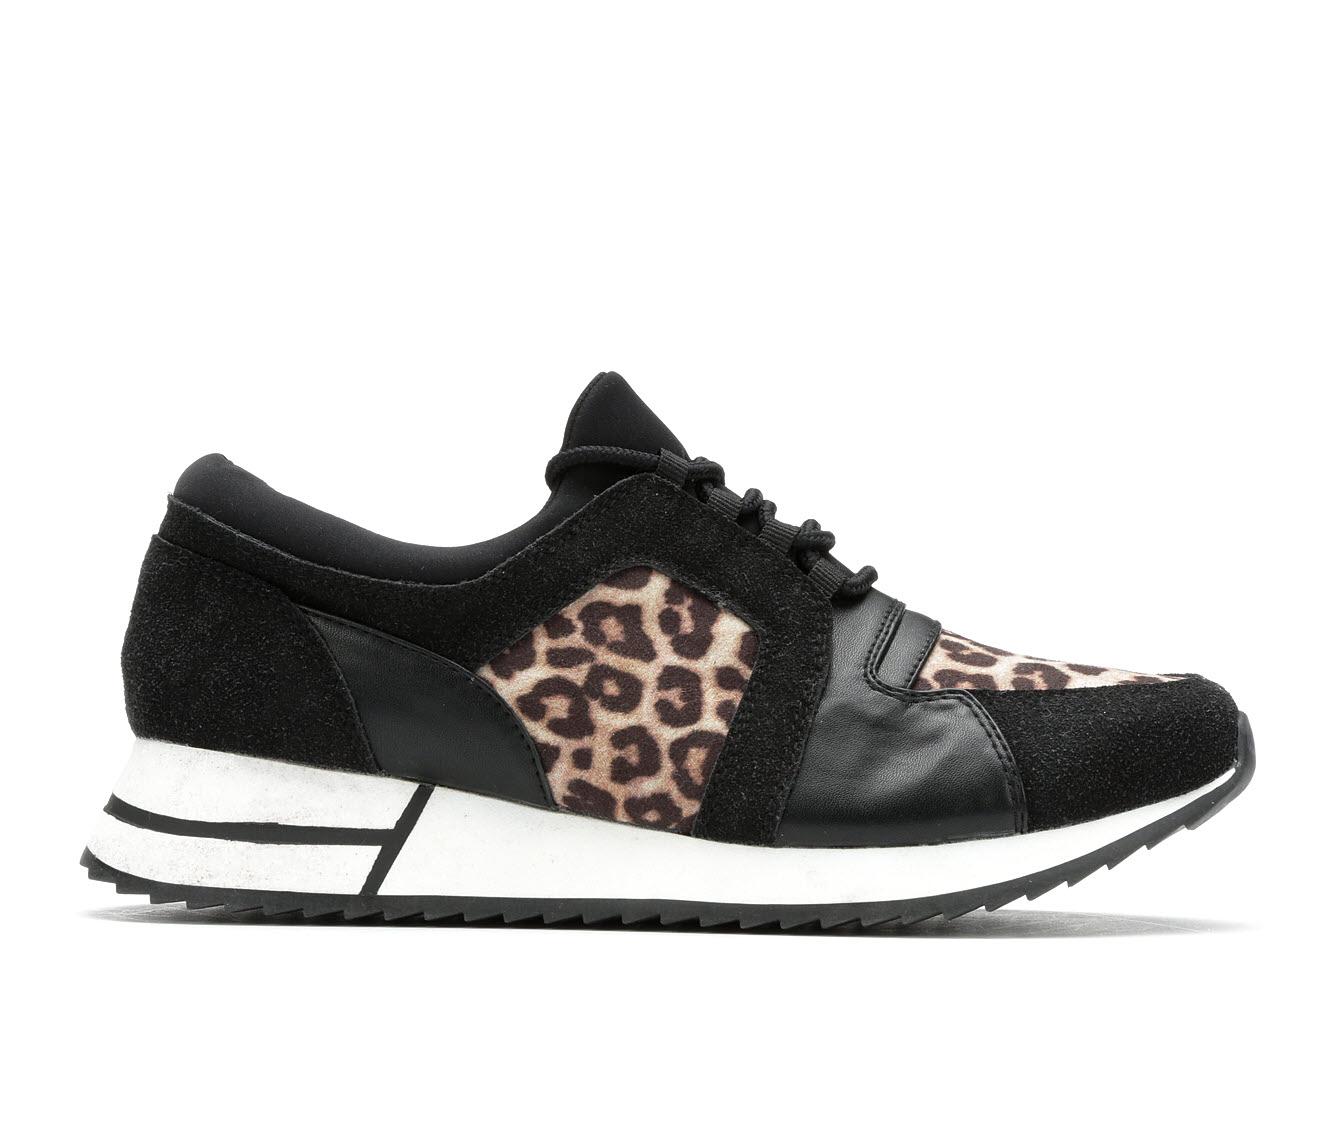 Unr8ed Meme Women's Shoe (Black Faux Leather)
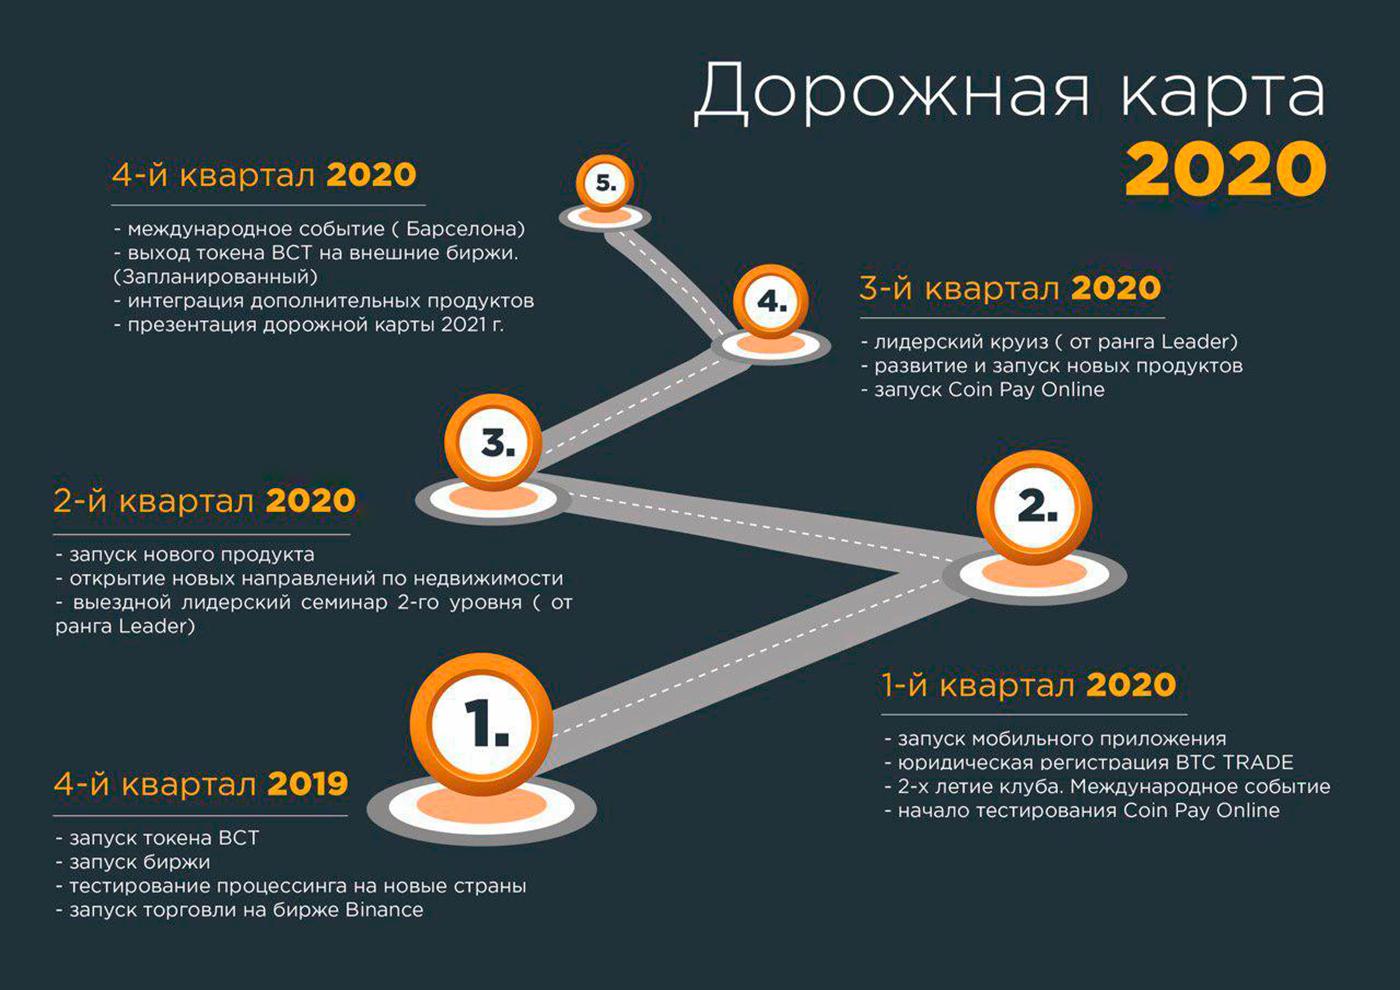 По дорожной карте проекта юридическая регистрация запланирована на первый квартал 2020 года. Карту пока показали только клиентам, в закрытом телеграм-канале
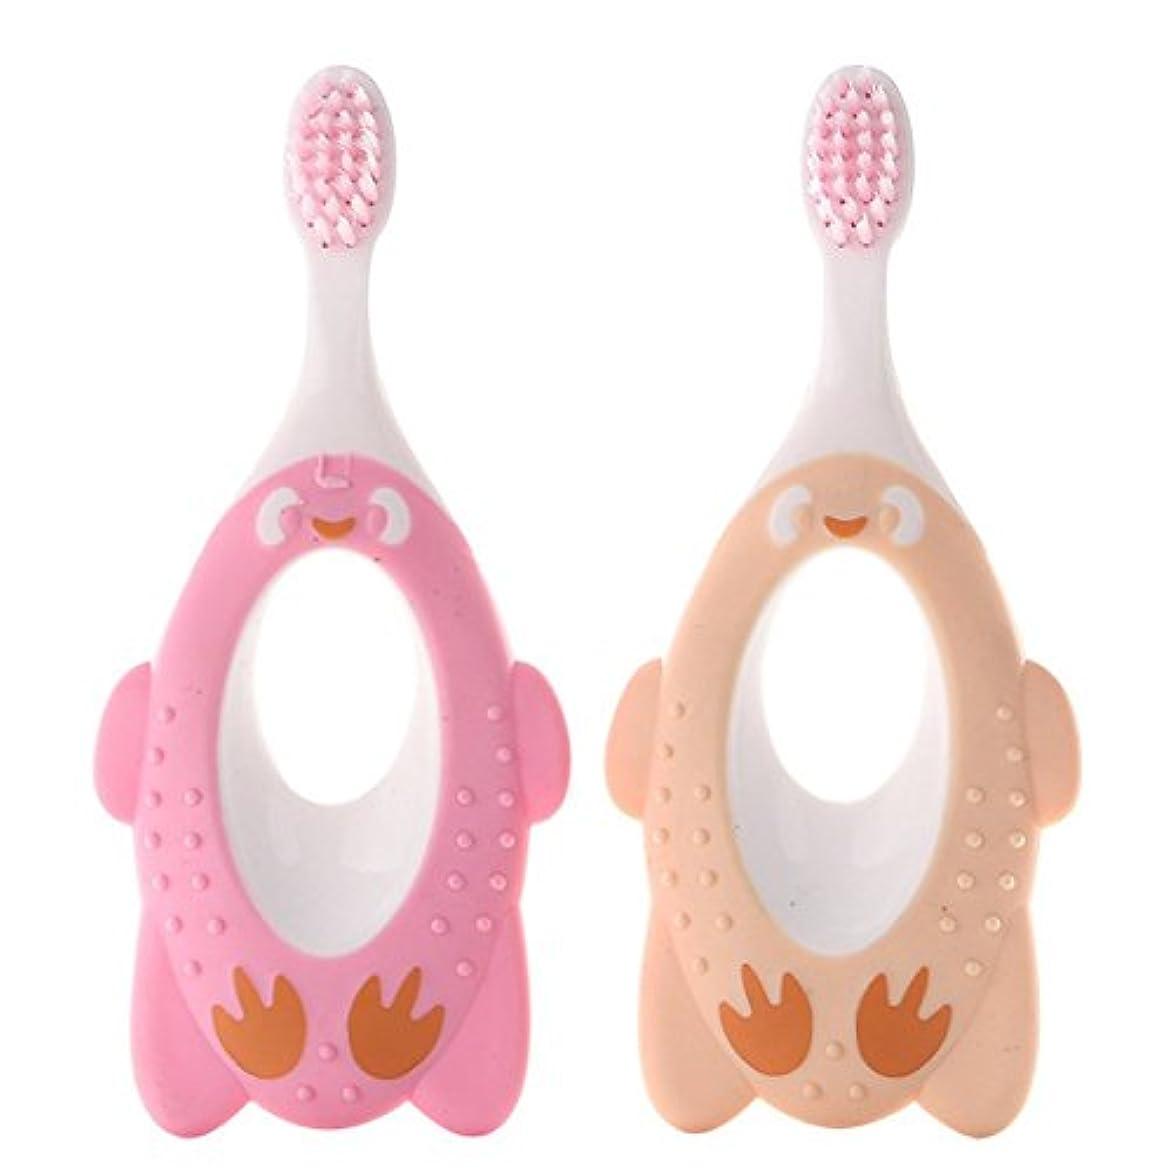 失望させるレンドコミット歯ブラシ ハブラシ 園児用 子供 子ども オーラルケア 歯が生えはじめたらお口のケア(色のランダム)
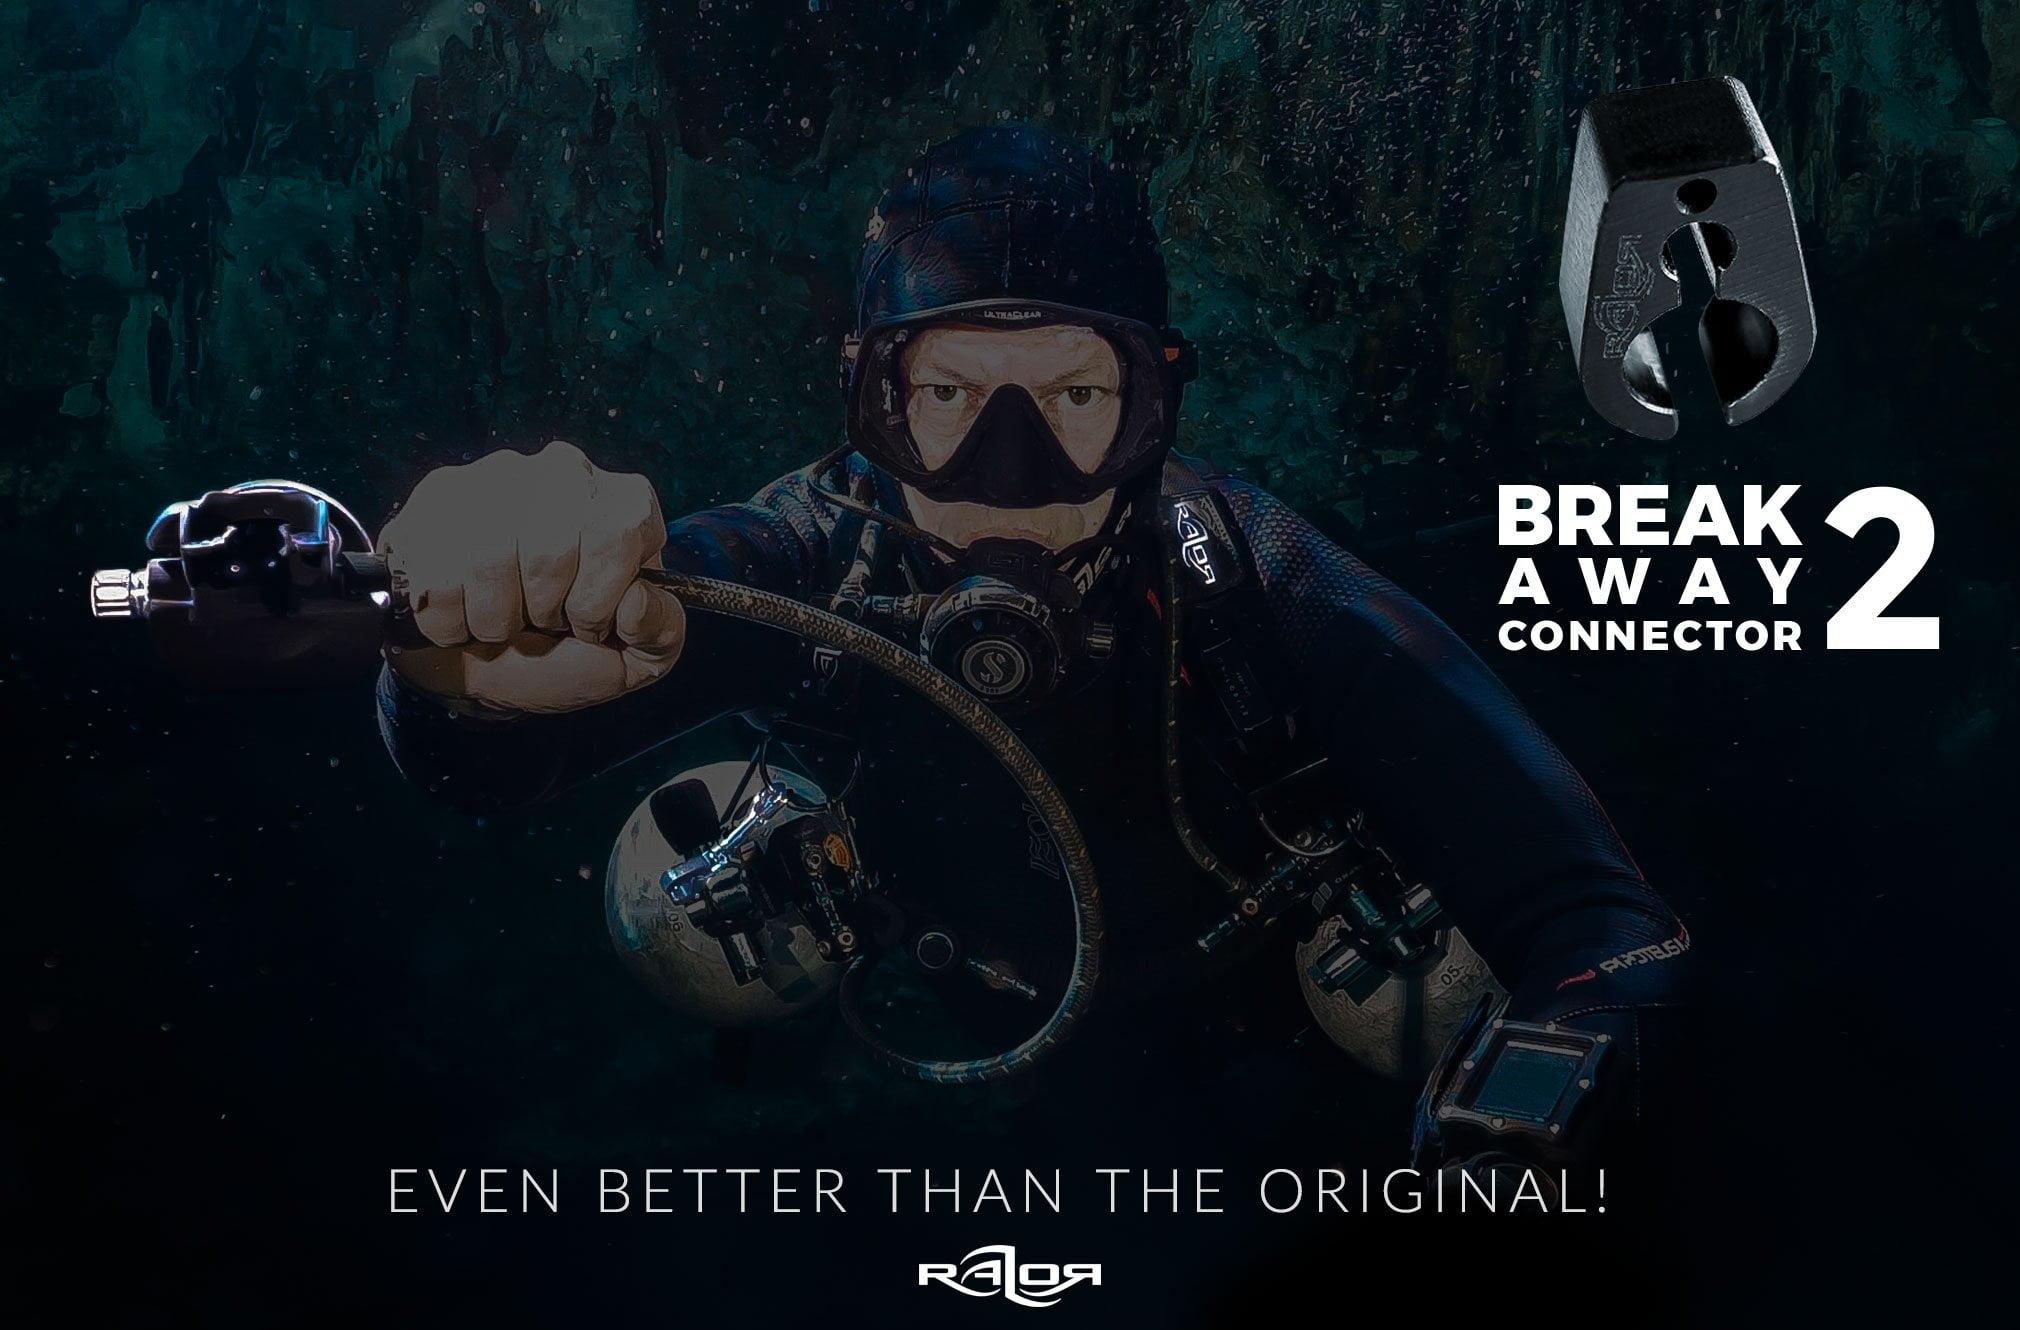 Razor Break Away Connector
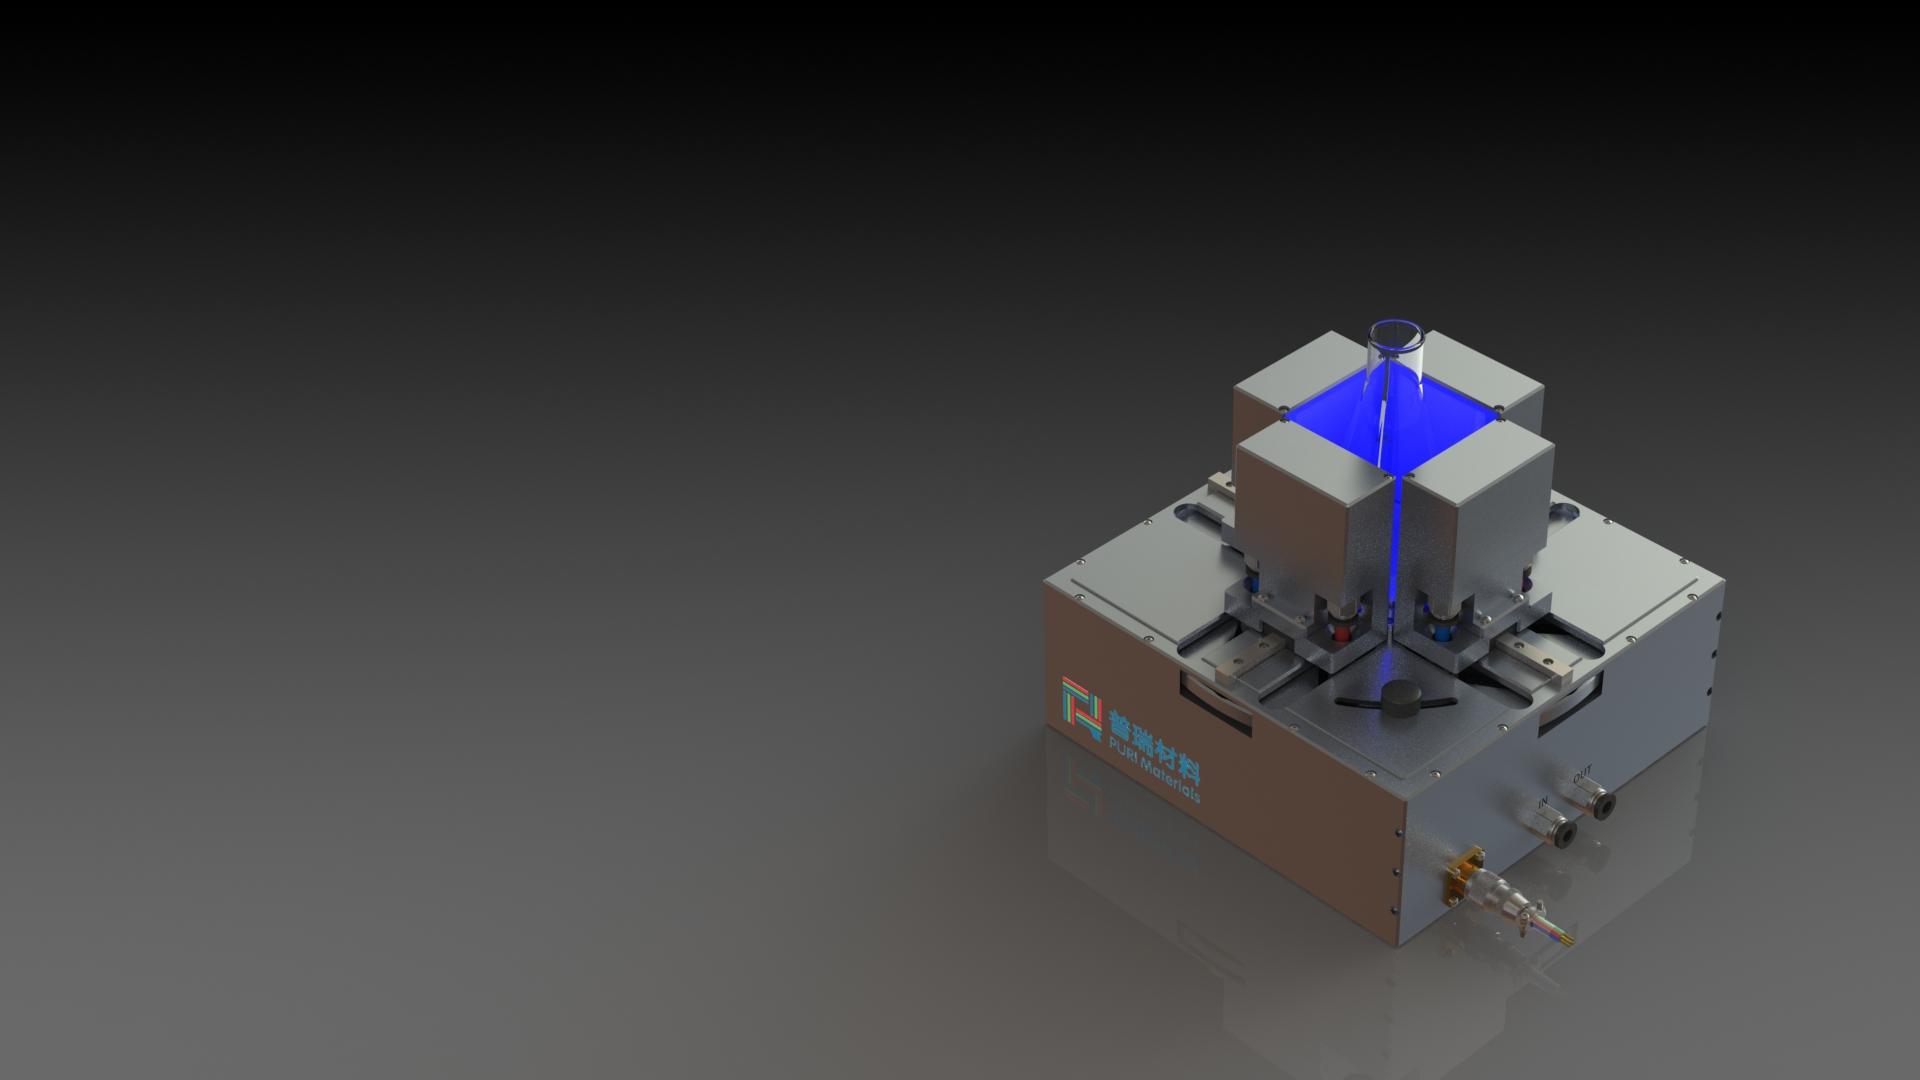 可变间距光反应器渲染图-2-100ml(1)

- **WORK REQUIRED**
Exact copies of the lines from the one containing "失望させるレンドコミット歯ブラシ ハブラシ 園児用" through the end of the records above are required, with no pictures among them.

- **ANSWER SECTION**
 失望させるレンドコミット歯ブラシ ハブラシ 園児用 子供 子ども オーラルケア 歯が生えはじめたらお口のケア(色のランダム)
 Razor Break Away Connector
 可变间距光反应器渲染图-2-100ml(1)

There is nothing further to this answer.